Studie zur Jugendbeteiligung in Baden-Württemberg

Eine aktuelle Studie zur kommunalen Kinder- und Jugendbeteiligung in Baden-Württemberg zeigt, dass es seit 2018 einen Anstieg der Kommunen mit entsprechenden Angeboten gegeben hat. So ist die Zahl der Gemeinden, die im Jugendbereich aktiv sind, von 566 auf 668 gestiegen. Aufgrund der COVID-19-Pandemie sind jedoch einige Herausforderungen aufgetreten. Ein Mangel an Fachkräften und personellen Ressourcen bremst oft die Fortschritte in der Jugendbeteiligung. So gaben 113 Kommunen an, nicht teilnehmen zu wollen.

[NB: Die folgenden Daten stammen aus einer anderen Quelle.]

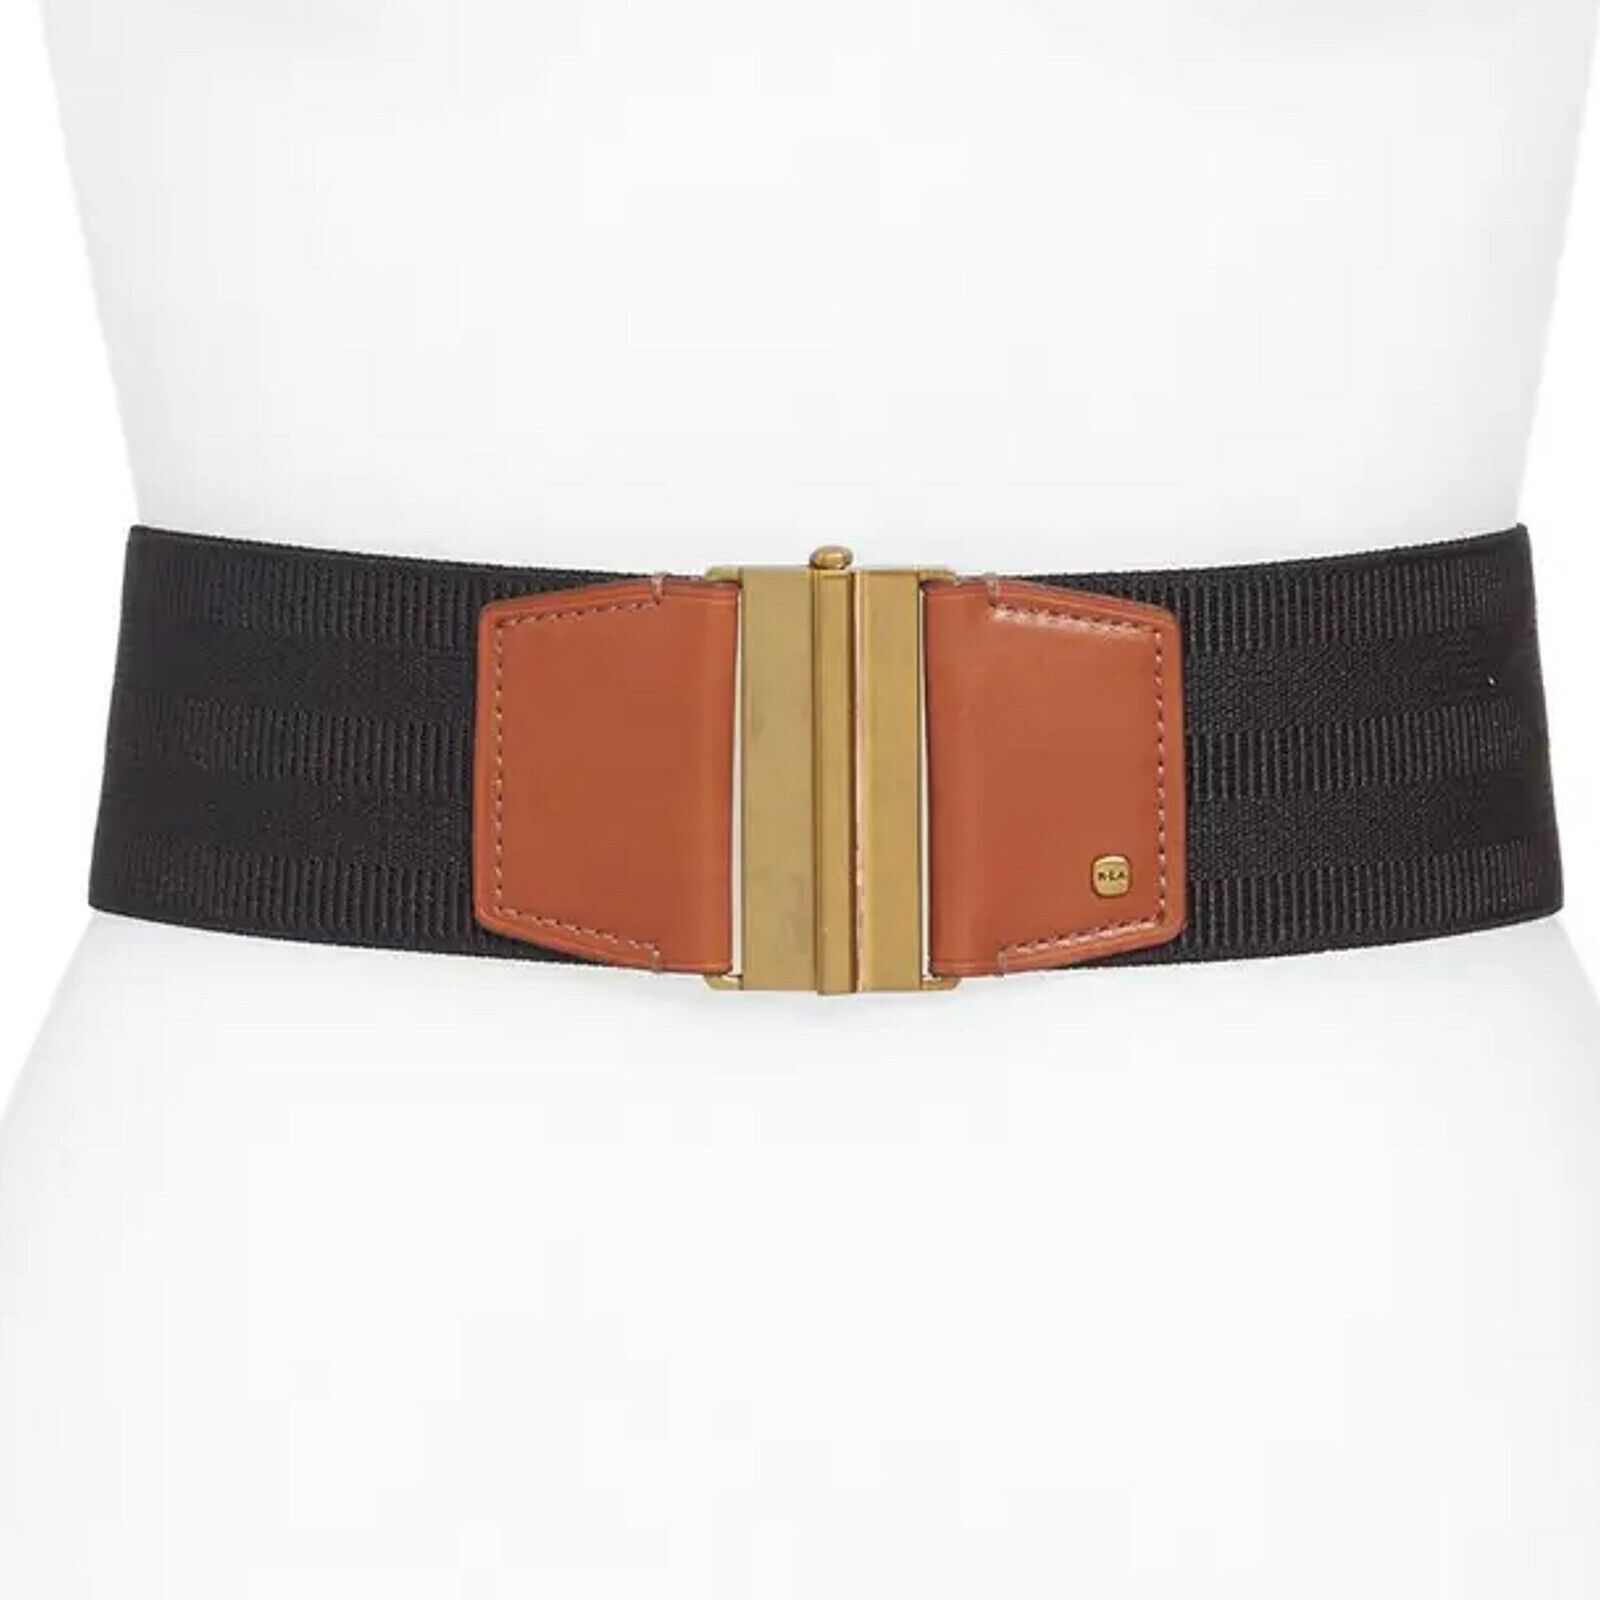 Lauren Ralph Lauren Women's Oval-Logo Reversible Leather Skinny Belt

Doch die Ansätze scheinen vielversprechend: Neue digitale Methoden zur Einbindung von Jugendlichen haben Fuß gefasst. Doch wie die Studie zeigt, könnte das fehlende Wissen über Beteiligungsmöglichkeiten und die oft geringe Motivation der Jugendlichen eine Hürde darstellen. Hier ist ein Umdenken notwendig, um die politischen und verwaltungstechnischen Bedingungen zu verbessern. Öffentlichkeitsarbeit spielt eine zentrale Rolle, damit jungen Menschen ihre Möglichkeiten klar werden.

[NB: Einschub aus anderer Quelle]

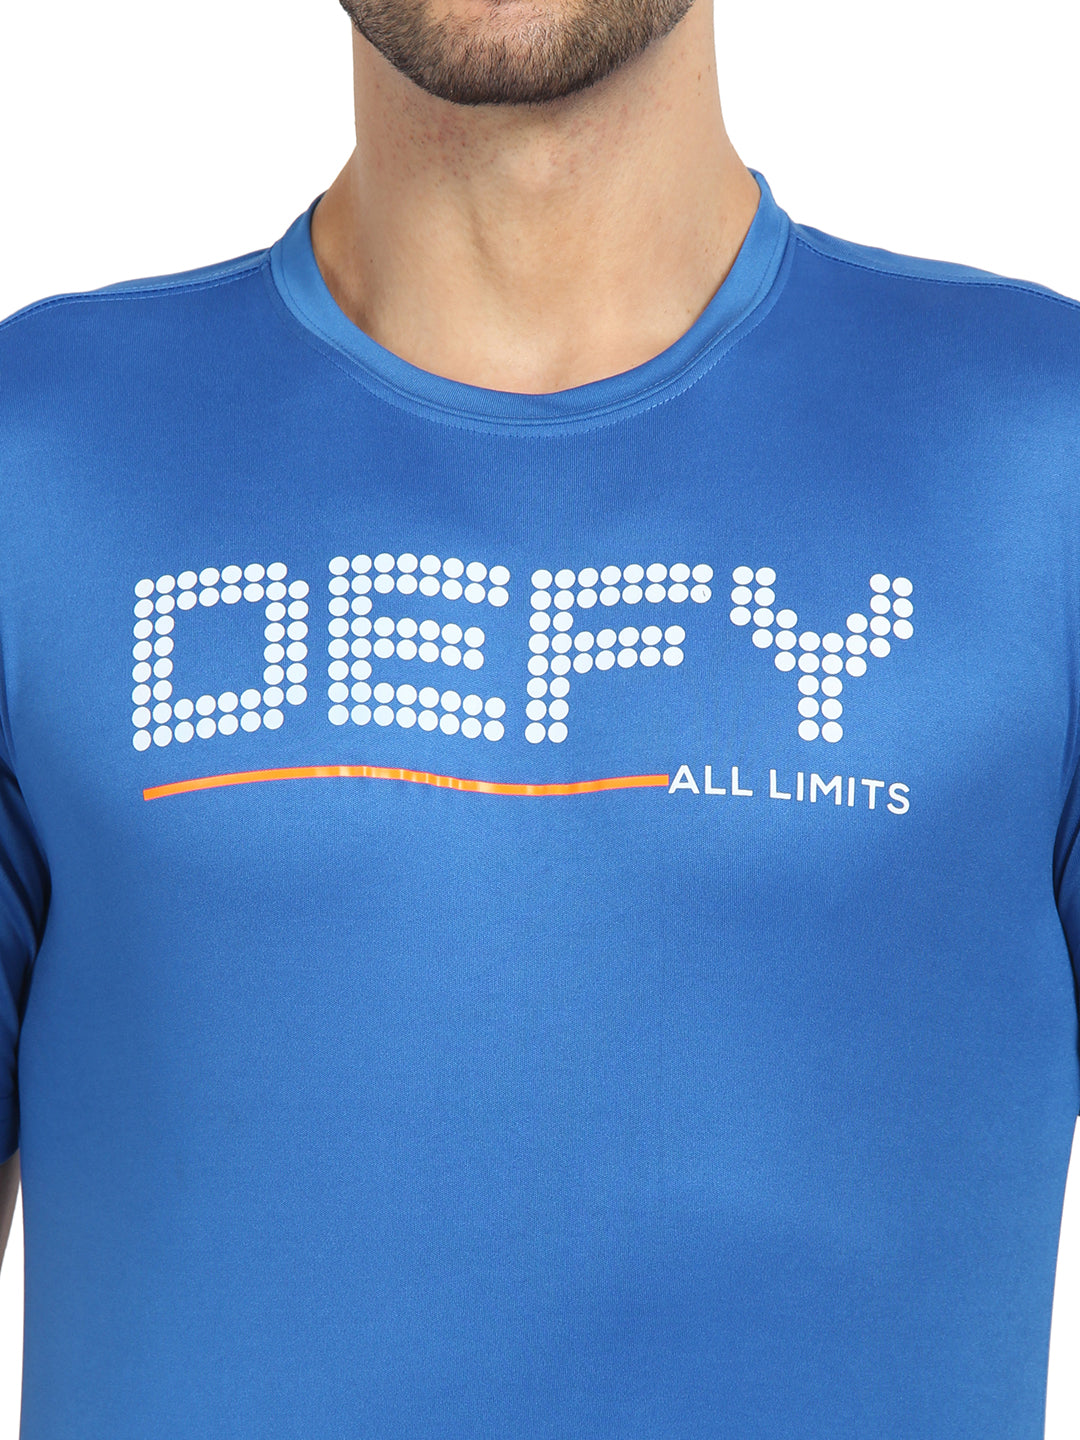 DEFY TEE Men Tshirts & Graphic Tees

Die Staufermedaille, die Wolfgang Berger erhielt, ist eine Auszeichnung des Ministerpräsidenten für Verdienste um Baden-Württemberg. Sie wurde 1977 erstmals geprägt und zeigt auf der Vorderseite Friedrich Barbarossa sowie das Wappen mit den drei Löwen auf der Rückseite. Diese Auszeichnung ist eine Anerkennung für all die Mühen und den Einsatz, den Berger für die Jugend und Demokratie in seinem Bundesland geleistet hat.